Roxanne’s own family benefited greatly from past health care programs, such as Medicare, which supported her chronically disabled brother until his death this year at age forty-four. She believes that now is the time to make changes to our broken health care system and that, if we fail to pass legislation this year, we won’t have another chance for a long, long time.

So, Roxanne plans and executes event after event. Rallies, vigils, public presentations in front of elected officials’ offices—everything she does has the goal of providing people with more information about reform and giving them an opportunity to talk about their questions and concerns.

She says she did not have any bad experiences with opponents of reform during the crazy town-hall month of August. While acknowledging that some people just like to scream and often don’t even understand what they are screaming about, she adds that, when a supporter and an opponent start to really talk, they find common ground. Neither one wants anything bad to happen; they just have different opinions about what the “bad thing” would be. And most of those opinions are taken from sound bites generated by the media.

That is why Roxanne did something “pre-media” to advance the health care reform debate. She staged readings of HR 3200, similar to the kind of reading of a bill that would have been done by a town crier in the village square back in the days when most citizens were unable to read. Yes, HR 3200 is over one thousand pages long, but Roxanne found many volunteers, mostly actors, who were willing to take on sections of the reading.

At a reading in Scranton, PA, the Scranton Times Leader reported that, “While the reading is going on, the organizers are encouraging attendees to discuss health care under a tent.”

Roxanne is the one who arranged for, and probably helped put up, that tent. Discussion and debate are important to her. She believes health care reform is everybody’s issue. And she says that everybody can contribute to the cause by following their talents. Make a poster, write a letter to the editor of your local newspaper, make a video, or talk to your neighbors.

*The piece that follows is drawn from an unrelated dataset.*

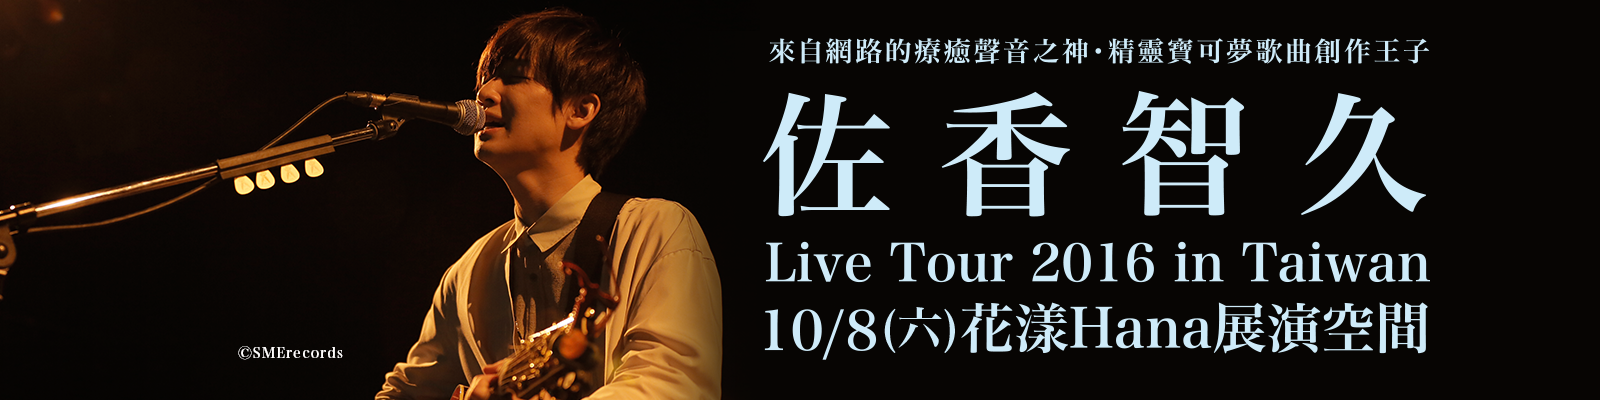 贈票《佐香智久Live Tour 2016 in Taiwan》抽獎活動

She’s still at it today, planning a reading of Dicken’s A Christmas Carol, focusing on the fact that “Bob Crachit is not a fiction. He is living . . . all over the USA.”

Not everybody can do what Roxanne does, but isn’t it wonderful that she, and many others like her across the country, are doing it? I hope you feel inspired right now, and I hope you will join me in saying, “Thank you, Roxanne.”

Merry Christmas to all, and to all a good health insurance plan.